Yeah I believe ya now. I just wanted to be sure because there are a lot of noobs on here that like to steal images.


----------



## vroom_skies

houseofbugs said:


> Yeah why?



Ah. Would it happen to be "PS-RagE" or just "houseofbugs" 

It's nice to see faces from other places around here.

Bob


----------



## TFT

Calibretto, you have nothing to prove with members that have known you for some time and certainly not to a 40 year old noob who shouts first and thinks later.


----------



## Calibretto

TFT said:


> Calibretto, you have nothing to prove with members that have known you for some time and certainly not to a 40 year old noob who shouts first and thinks later.



I know  but I like to prove myself


----------



## Punk

speedyink said:


> Anyone else have a problem with using HDR photo's?  Is this a rule we should establish?  I didn't think it would really count as editing, as it's more of a technique than an edit.
> 
> 2 Entries left
> 
> Callibretto, Do you have any other pictures, something more cityscape like and less city streets like?
> 
> And Houseofbugs, good job on the one picture (I didn't notice it at all), but your getting a little out of hand with the accusations now.




If no one else minds it's alright with me, I'm not going to be the only one to complain.


houseofbugs said:


> Yeah I believe ya now. I just wanted to be sure because there are a lot of noobs on here that like to steal images.


Please stop with this BS! The only noob stealing pictures is ***** and we know him very well, he's been spamming the forum for a while now.


----------



## Ramodkk

Cohen, why would you post a pic that you didn't take? Don't act like you don't know better.
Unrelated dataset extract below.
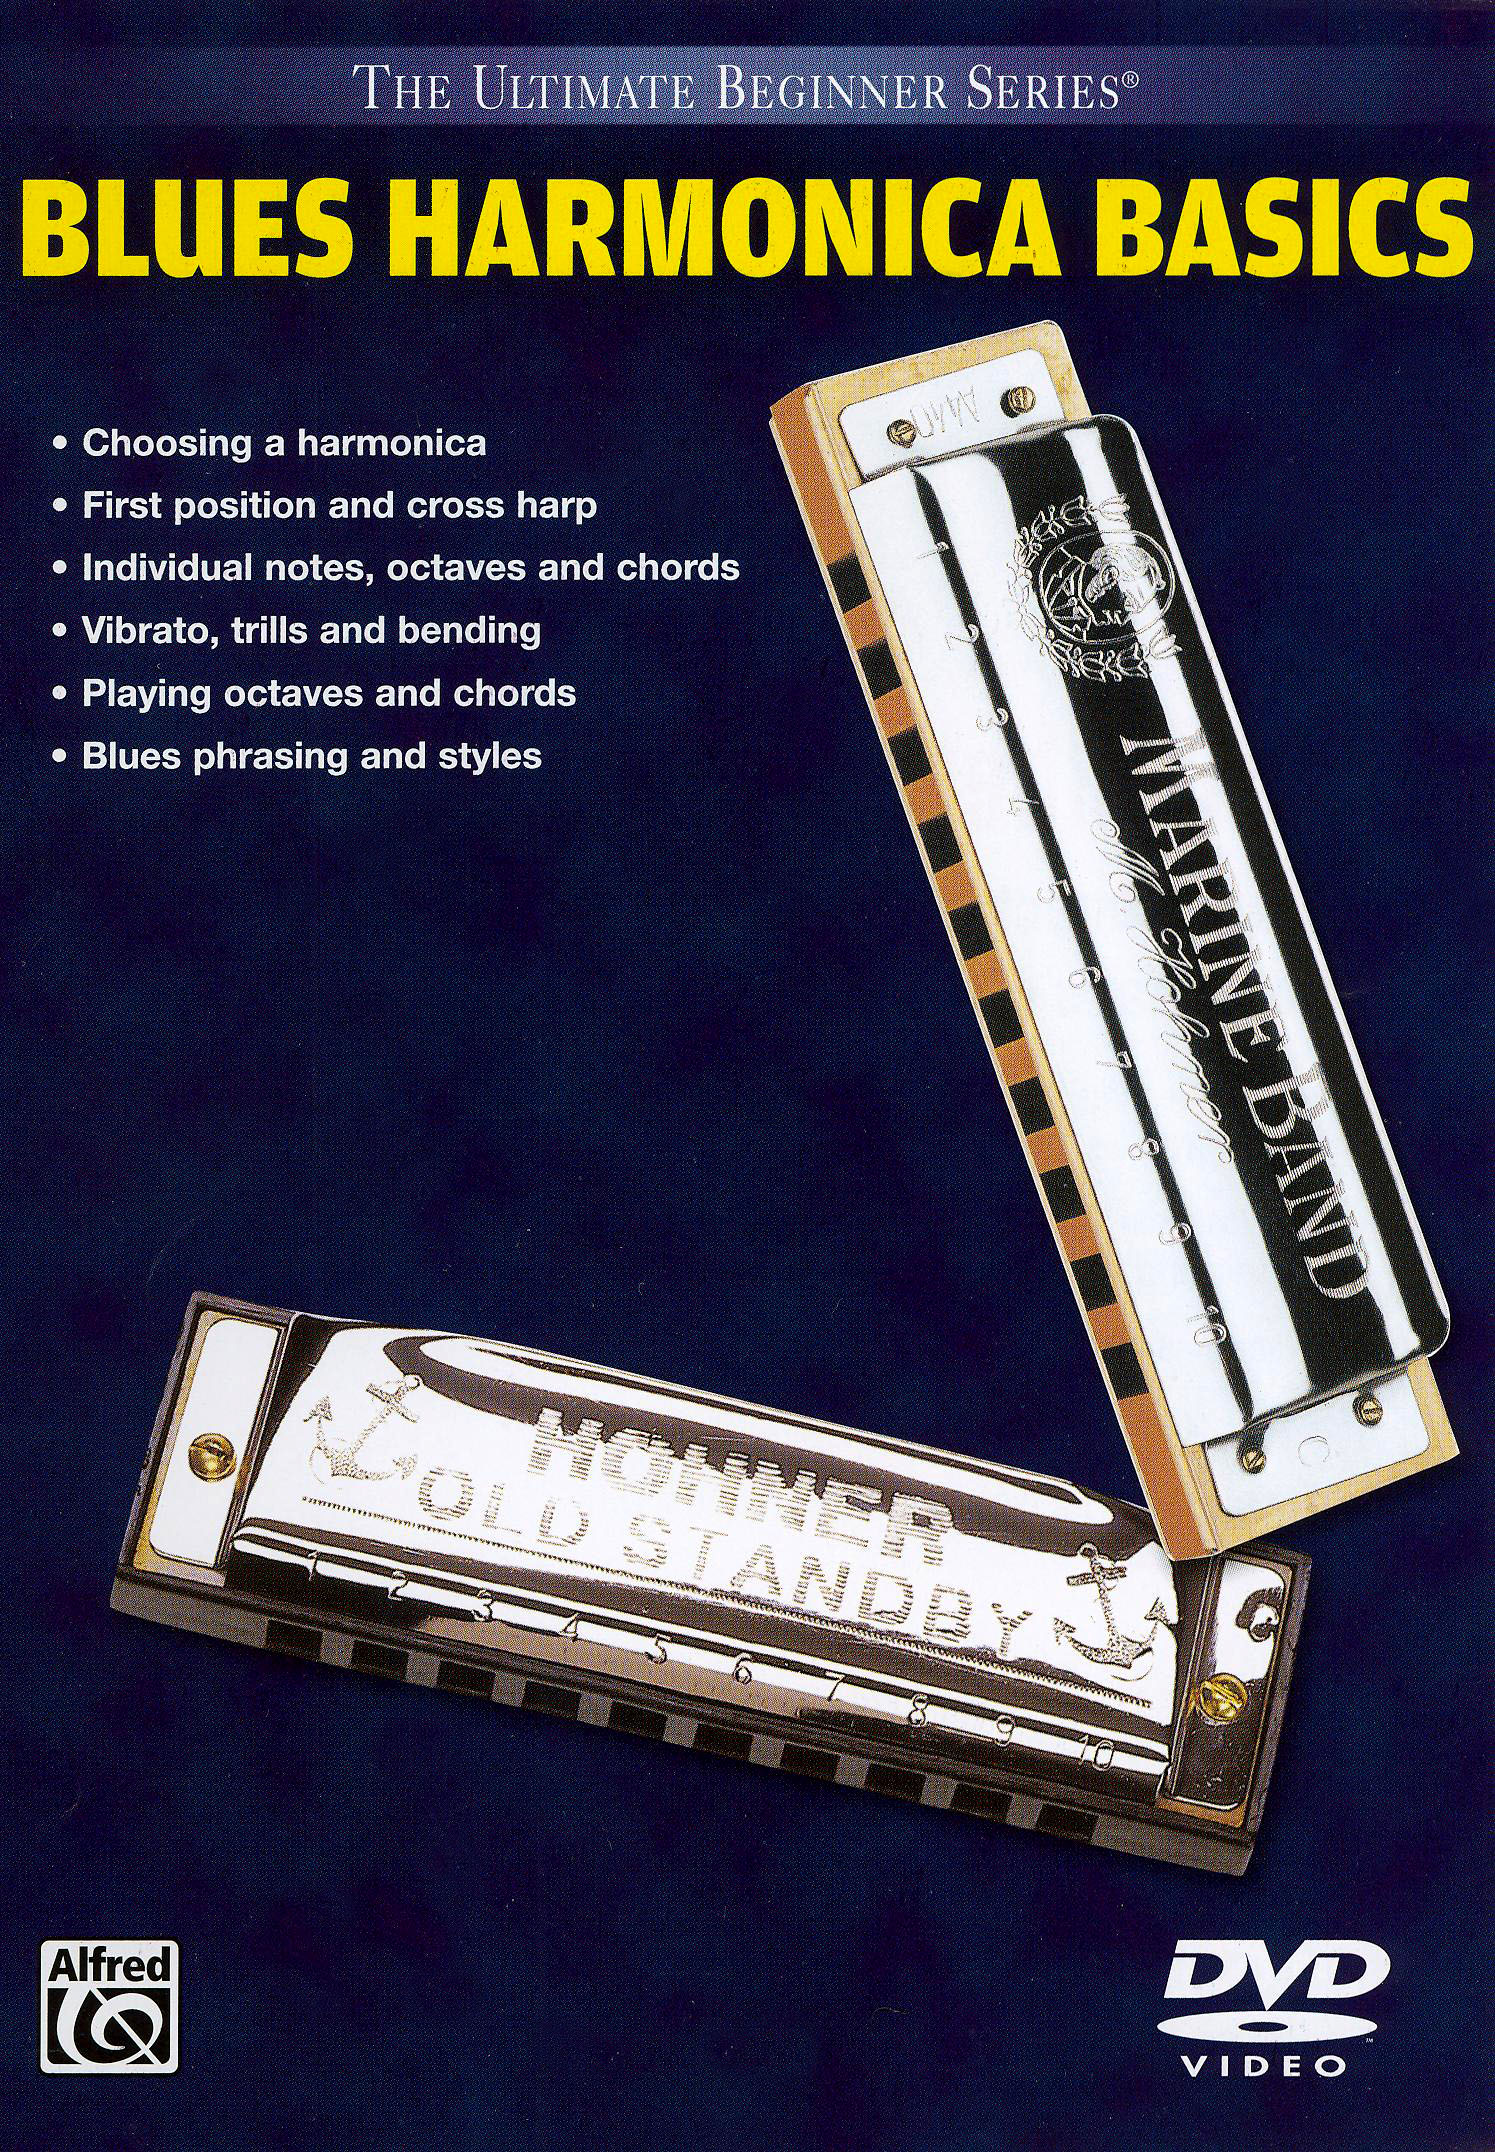 Ultimate Beginner: Blues Harmonica

Actually just for doing that, here's your portion of:

http://www.computerforum.com/131062-fail-thread-8.html

Second, Speedy, what's your definition of "cityscape"? because you accepted Calibreto's picture but you didn't accept Punk's which are relatively similar. 

Also, in my opinion, HDR's are ok to use since (I agree with Speedy) it's all about technique and not just one button edit and bam!

That's my verdict!  Lol like it means something...


----------



## alexyu

Is this tourny full or my math knowledge is low?


----------



## speedyink

ramodkk said:


> Second, Speedy, what's your definition of "cityscape"? because you accepted Calibreto's picture but you didn't accept Punk's which are relatively similar.



A photo featuring a vast, city setting.  Pretty much type cityscape in google and thats the sorta thing I want to see.  Theres a couple pictures on here that could reflect the topic more, but I don't really want to make a mass recall in photos.  My logic on this one is Calibretto's was taken at street level of a single street, whereas Punk's looks as though it *could* be considered as a city scape.  I'm gonna look at all the pictures again and make a better judgement though...


----------



## speedyink

alexyu said:


> Is this tourny full or my math knowledge is low?



Unless Cudenver can prove he took that picture theres 1 spot remaining.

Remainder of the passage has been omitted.